Leaving out every picture, transcribe the lines from the line that contains "9.8 Cu. Ft." to the end of the entries below, both ends included.

START DATASET EXCERPTS

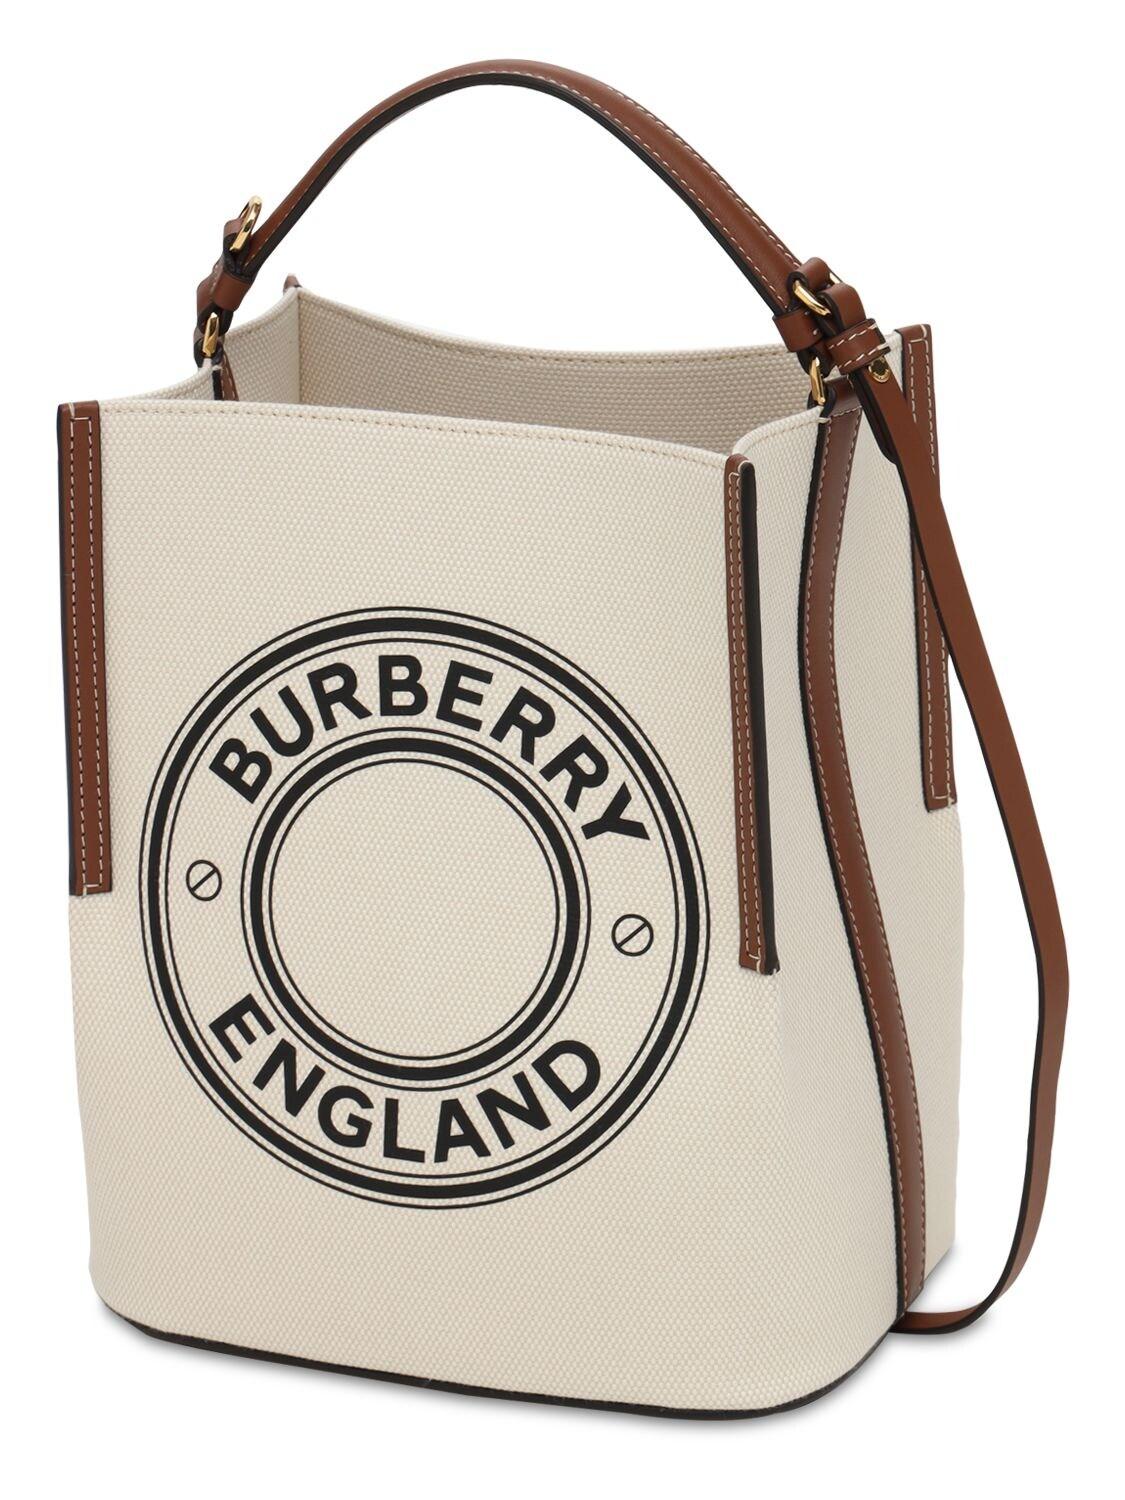 burberry bag logo
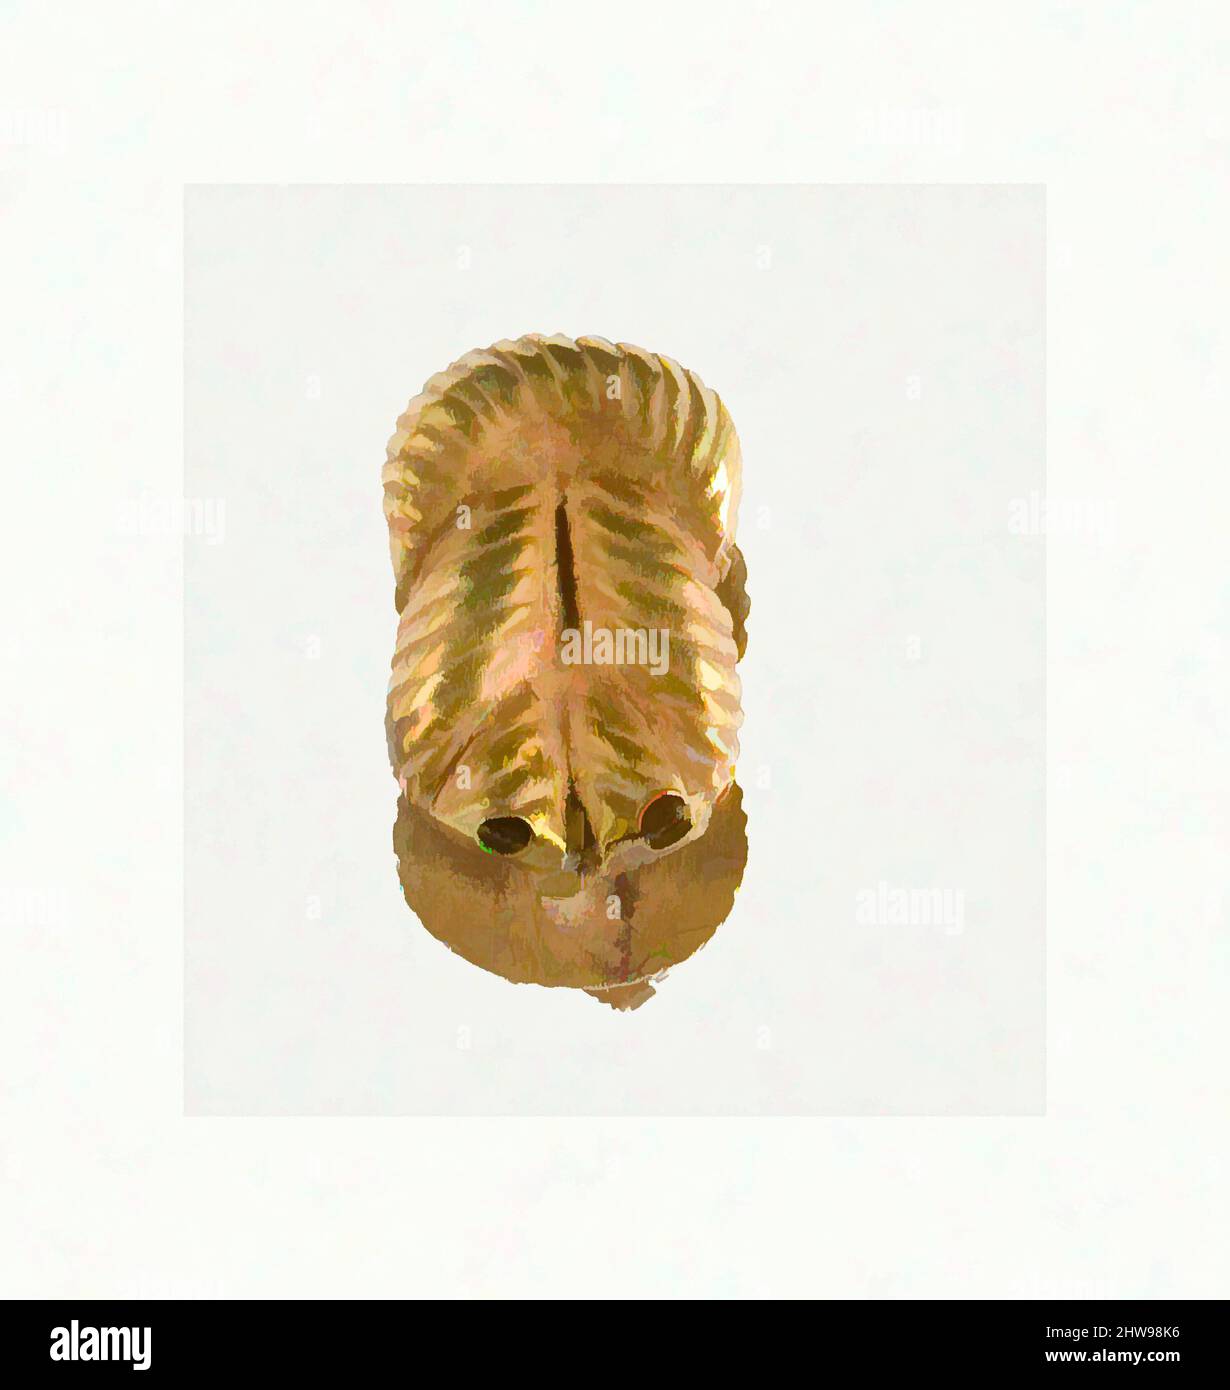 Arte ispirata dal doppio nodo clasp di Sithathoryunet, Regno di mezzo, Dinastia 12, ca. 1887–1813 a.C., dall'Egitto, zona d'ingresso di Fayum, Lahun, Tomba di Sithathoryunet (BSA Tomb 8), scavi di BSAE 1914, Oro, h. 1,3 cm (1/2 poll.); w. 0,9 cm (3/8 pollici), opere classiche modernizzate da Artotop con un tuffo di modernità. Forme, colore e valore, impatto visivo accattivante sulle emozioni artistiche attraverso la libertà delle opere d'arte in modo contemporaneo. Un messaggio senza tempo che persegue una nuova direzione selvaggiamente creativa. Artisti che si rivolgono al supporto digitale e creano l'NFT Artotop Foto Stock
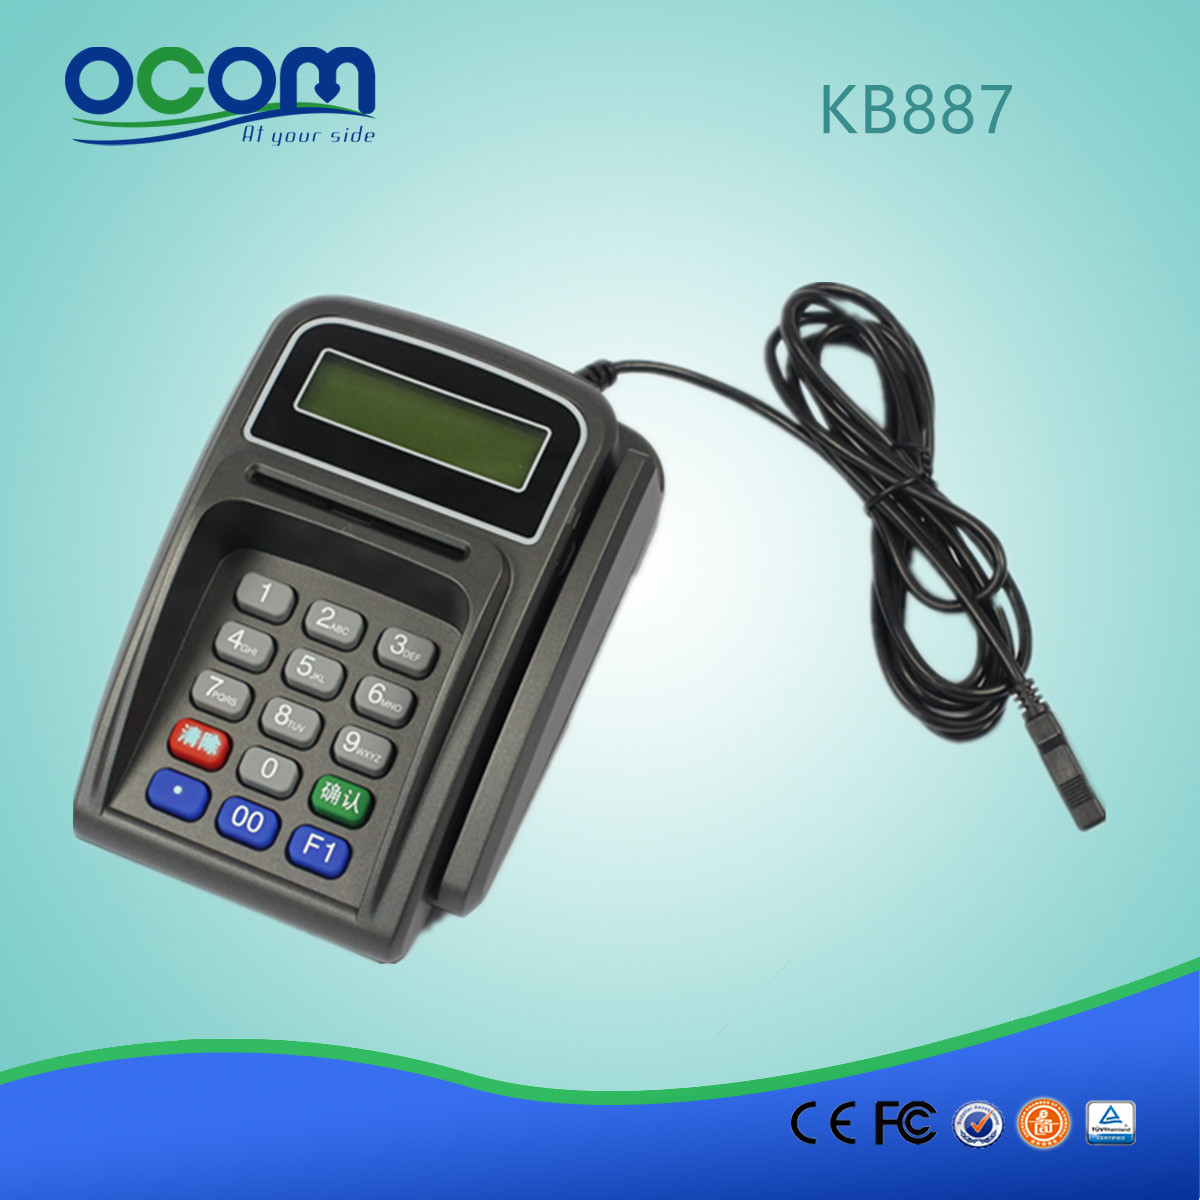 Mini πληκτρολόγιο με αναγνώστη Smart Card και αναγνώστη μαγνητικών καρτών KB887
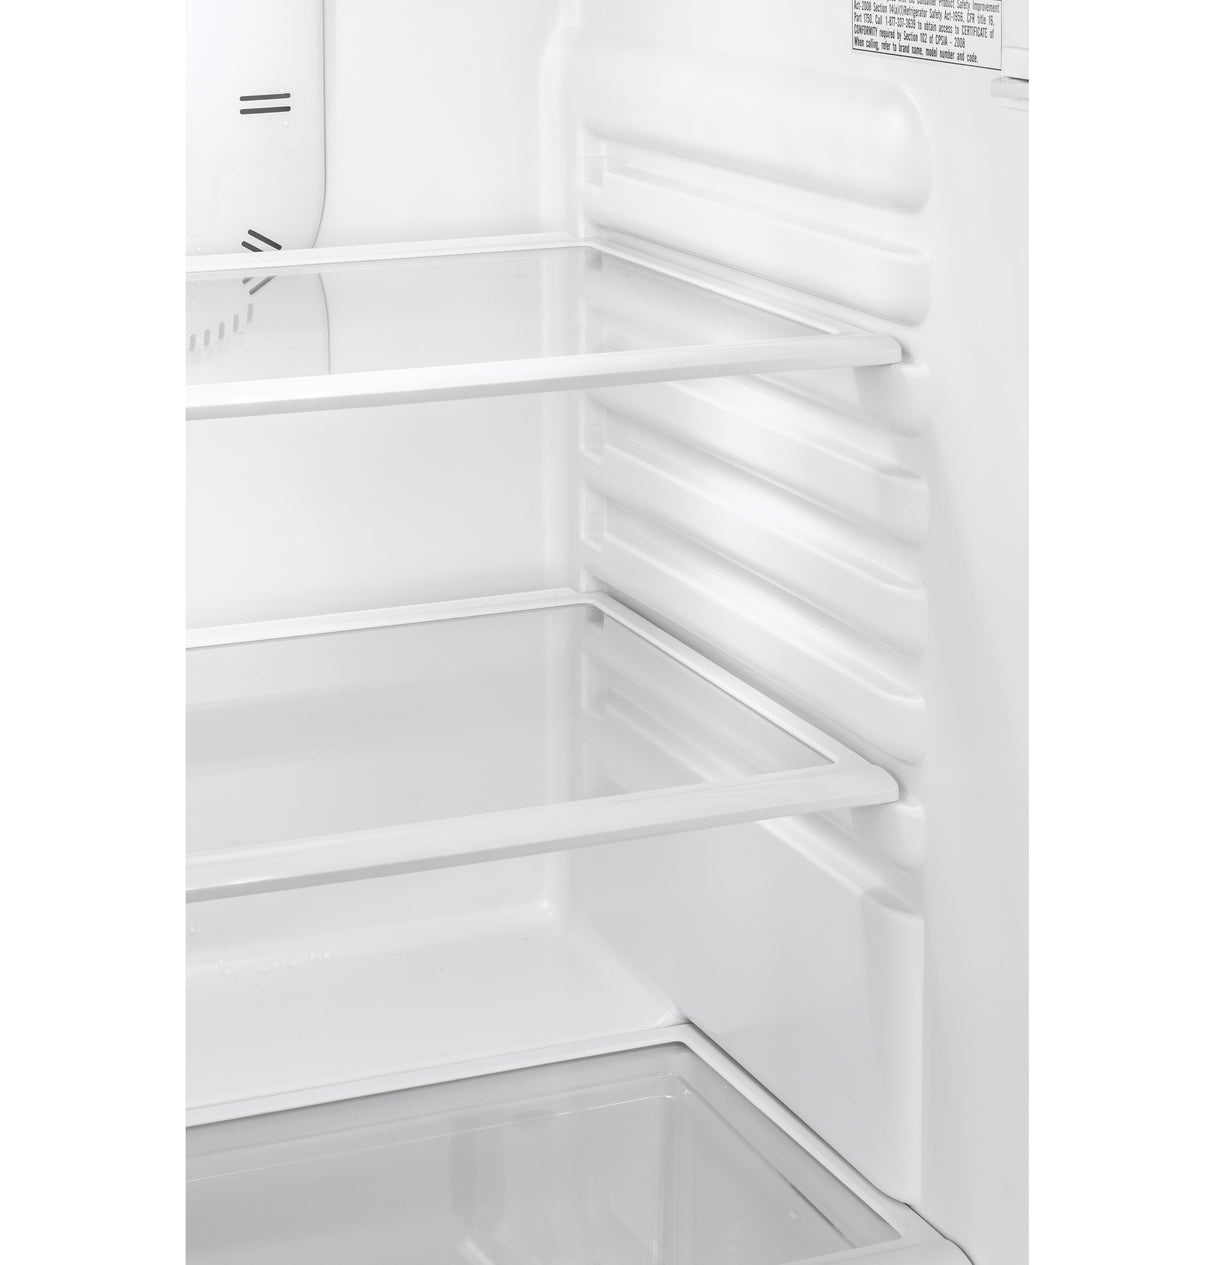 9.8 Cu. Ft. Top Freezer Refrigerator - (HA10TG21SB)
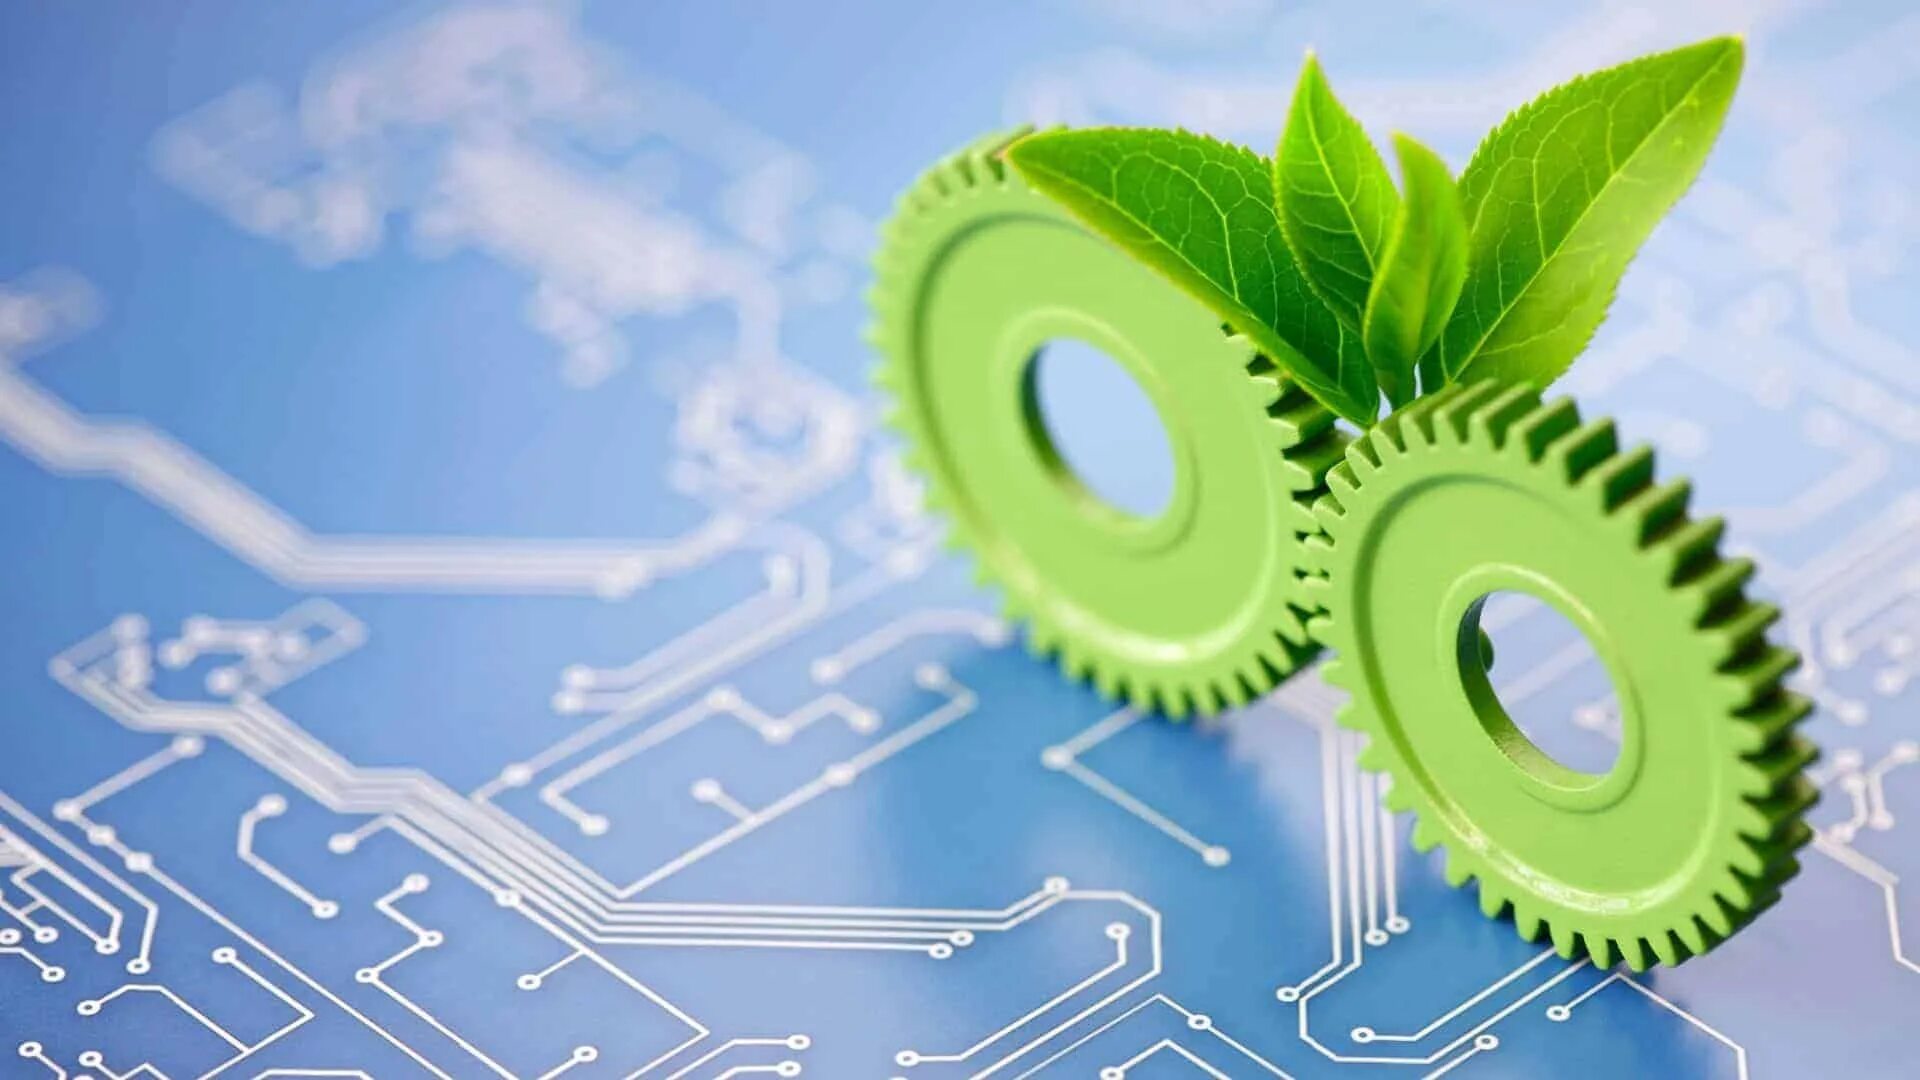 Технологиям из лучших материалов. Зеленые технологии. Зеленые технологии в машиностроении. "Зеленые" технологии для бизнеса. Зеленые технологии картинки.

END DATASET EXCERPTS

### REPLY TO THE TASK
 9.8 Cu. Ft. Top Freezer Refrigerator - (HA10TG21SB)
 Технологиям из лучших материалов. Зеленые технологии. Зеленые технологии в машиностроении. "Зеленые" технологии для бизнеса. Зеленые технологии картинки.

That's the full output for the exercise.